(Assignment): The answer should consist of the full listing below, repeated exactly and free of pictures.
Top of Supplied material
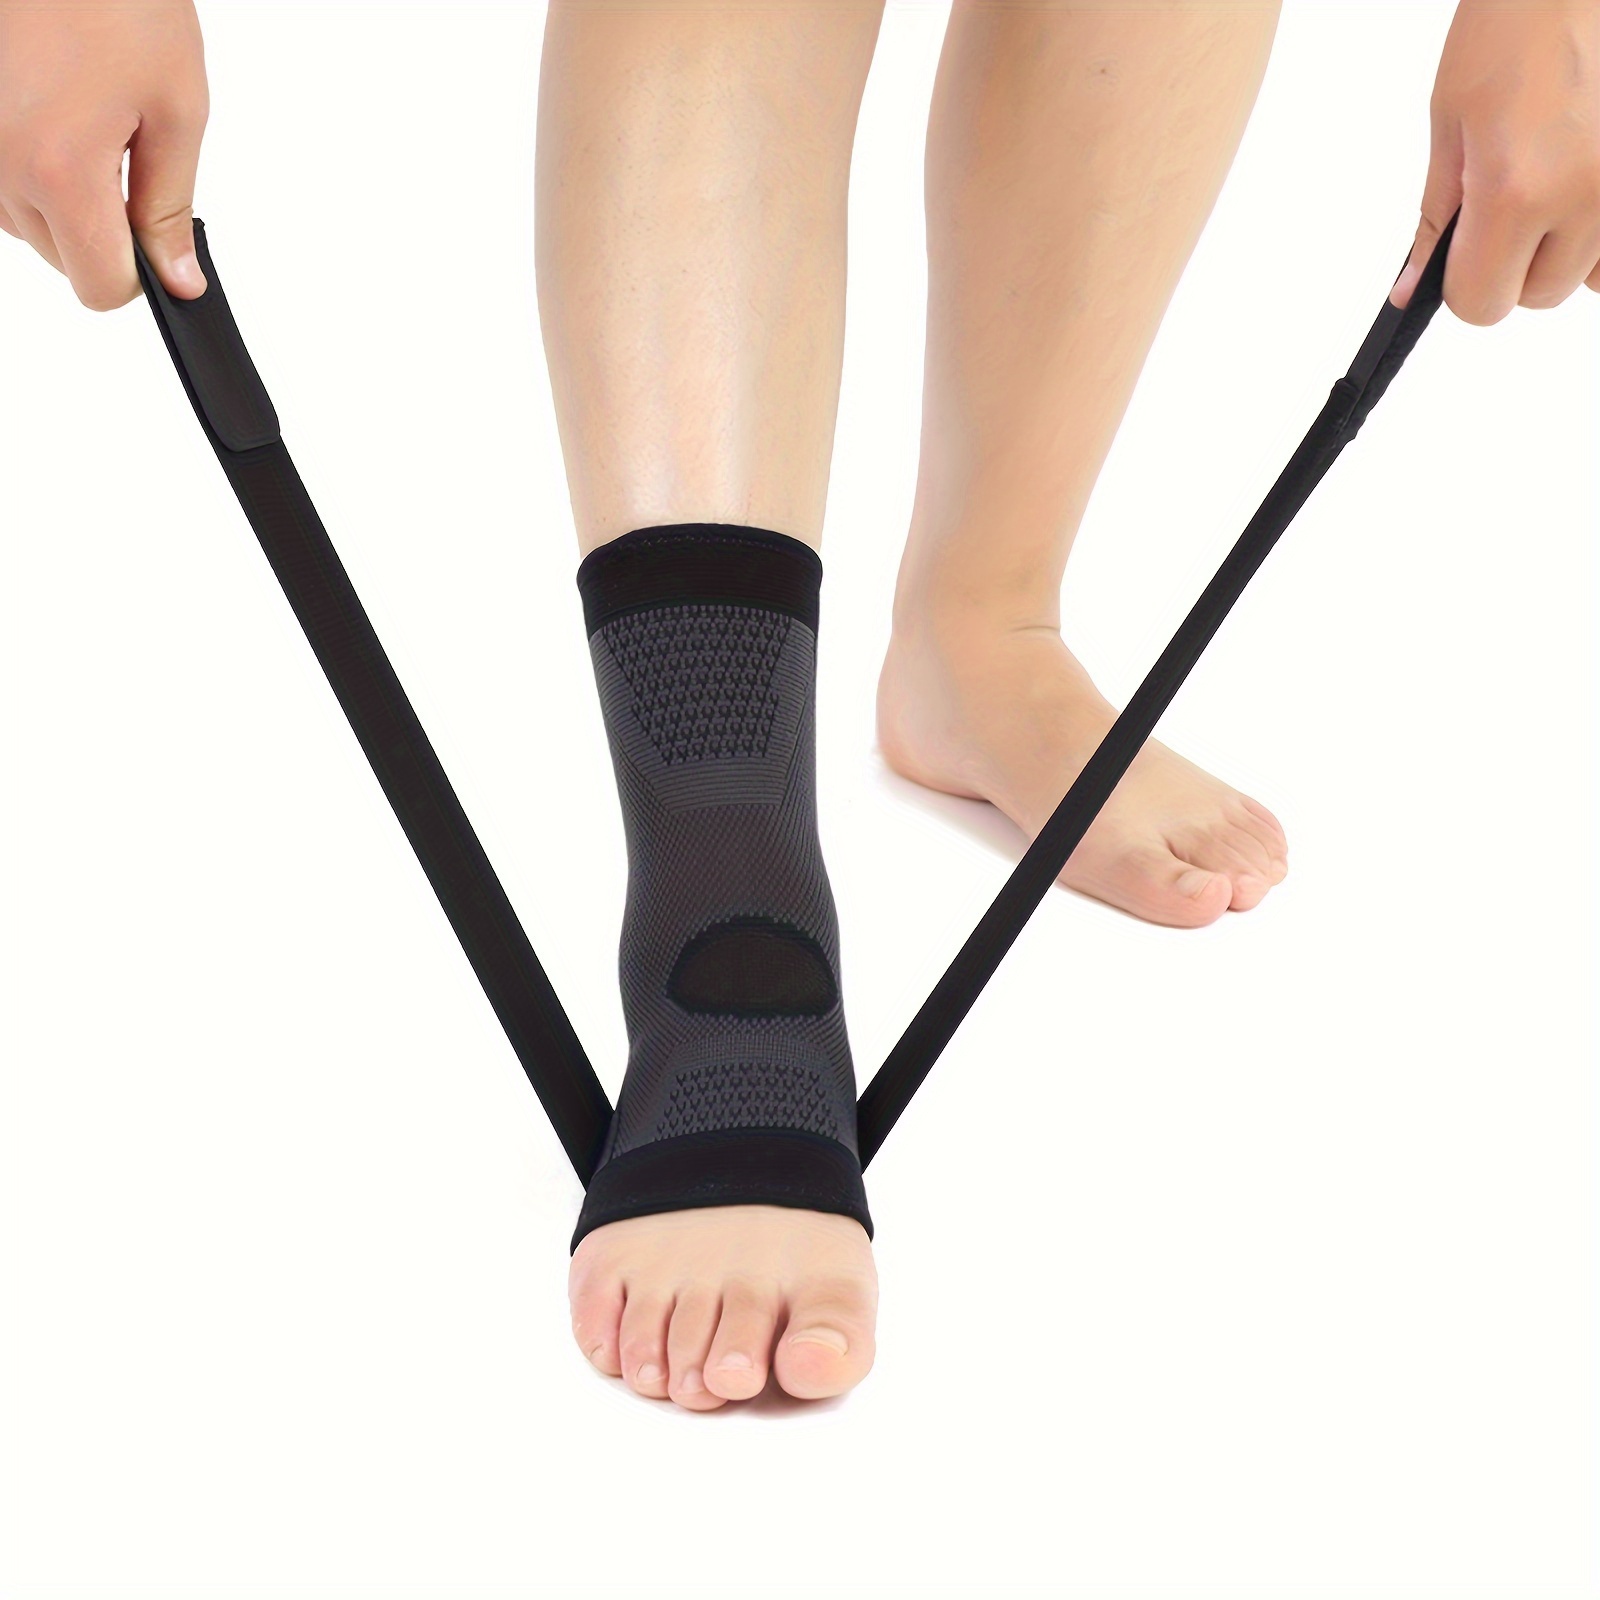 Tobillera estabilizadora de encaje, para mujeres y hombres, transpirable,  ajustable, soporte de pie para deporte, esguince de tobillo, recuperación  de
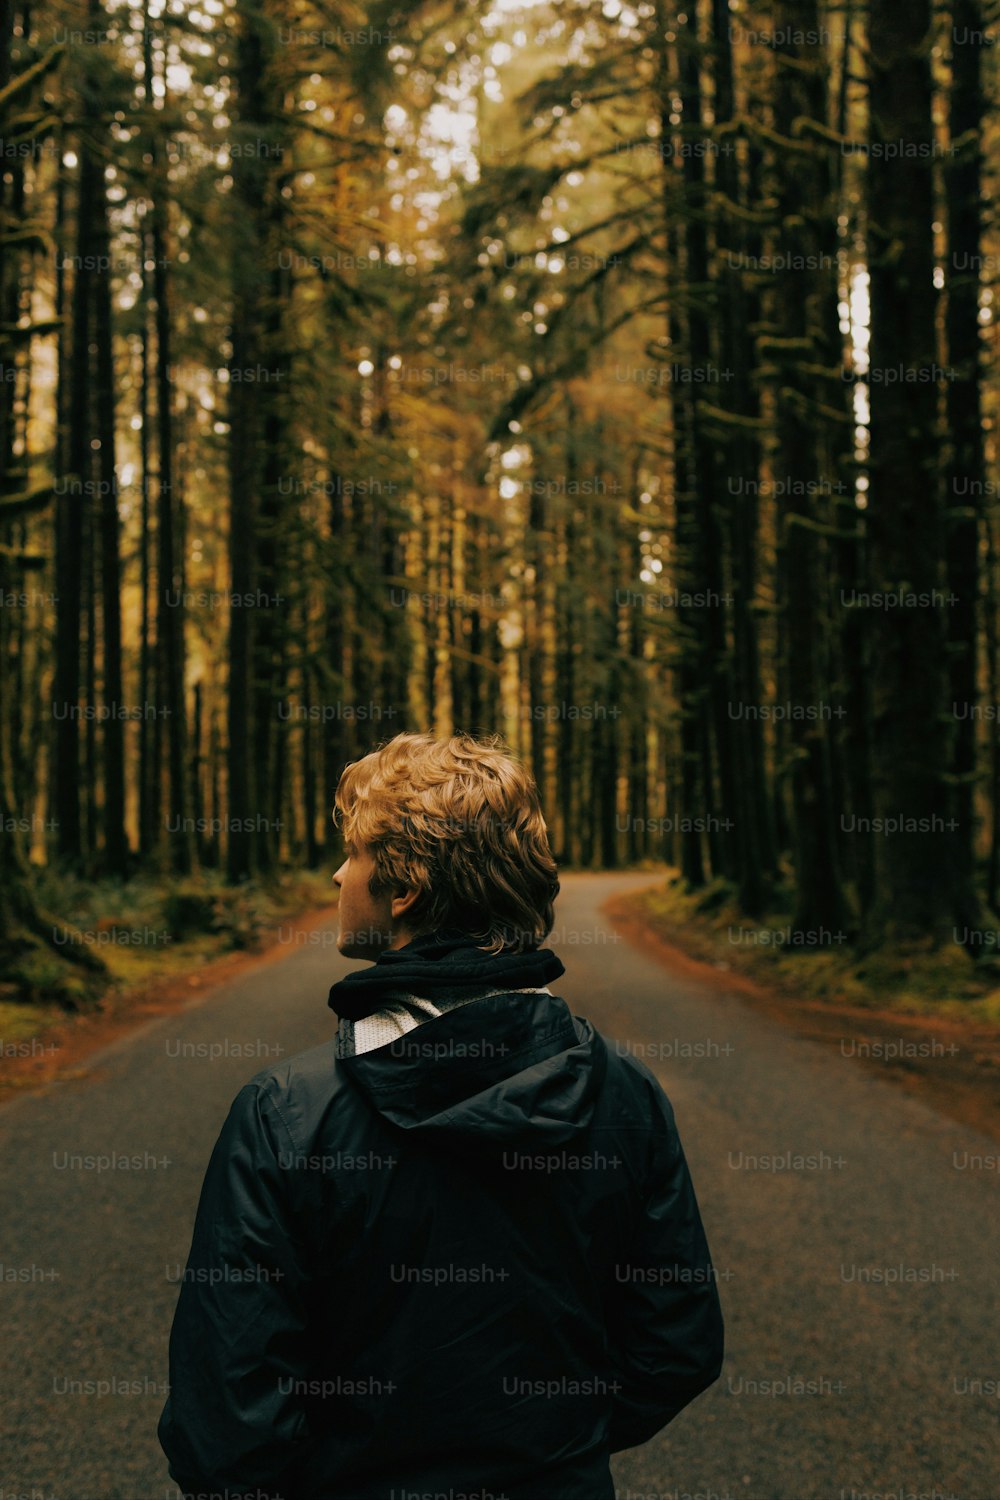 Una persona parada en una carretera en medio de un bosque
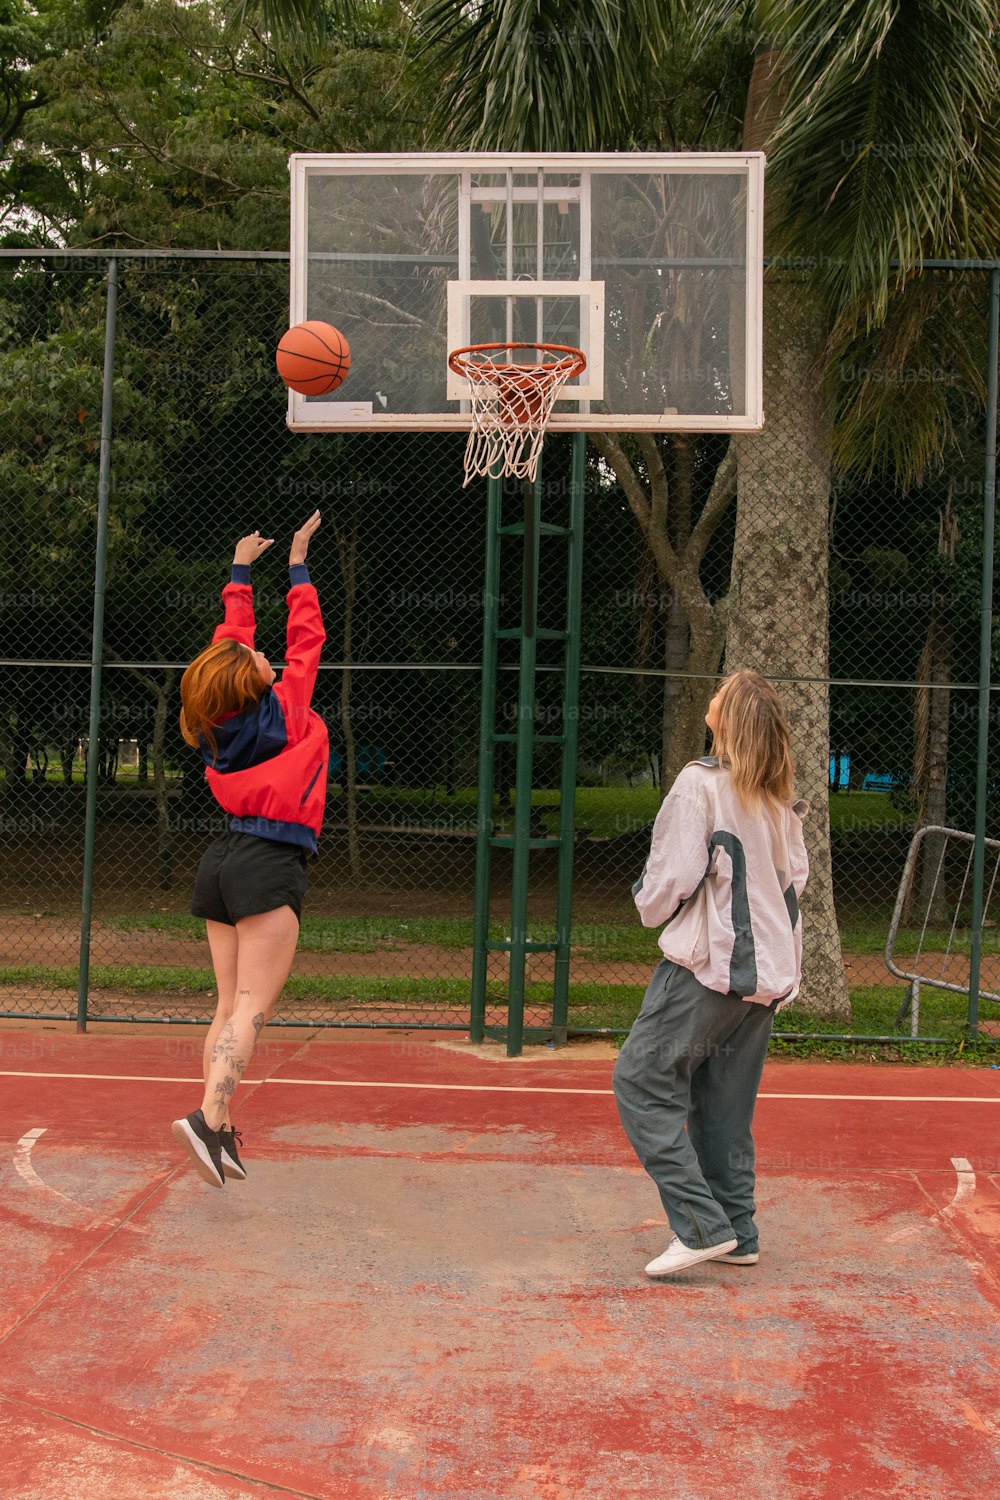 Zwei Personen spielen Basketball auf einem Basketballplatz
Bottom of Supplied material
(Output for this exercise):
 Tobillera estabilizadora de encaje, para mujeres y hombres, transpirable,  ajustable, soporte de pie para deporte, esguince de tobillo, recuperación  de
 Una persona parada en una carretera en medio de un bosque
 Zwei Personen spielen Basketball auf einem Basketballplatz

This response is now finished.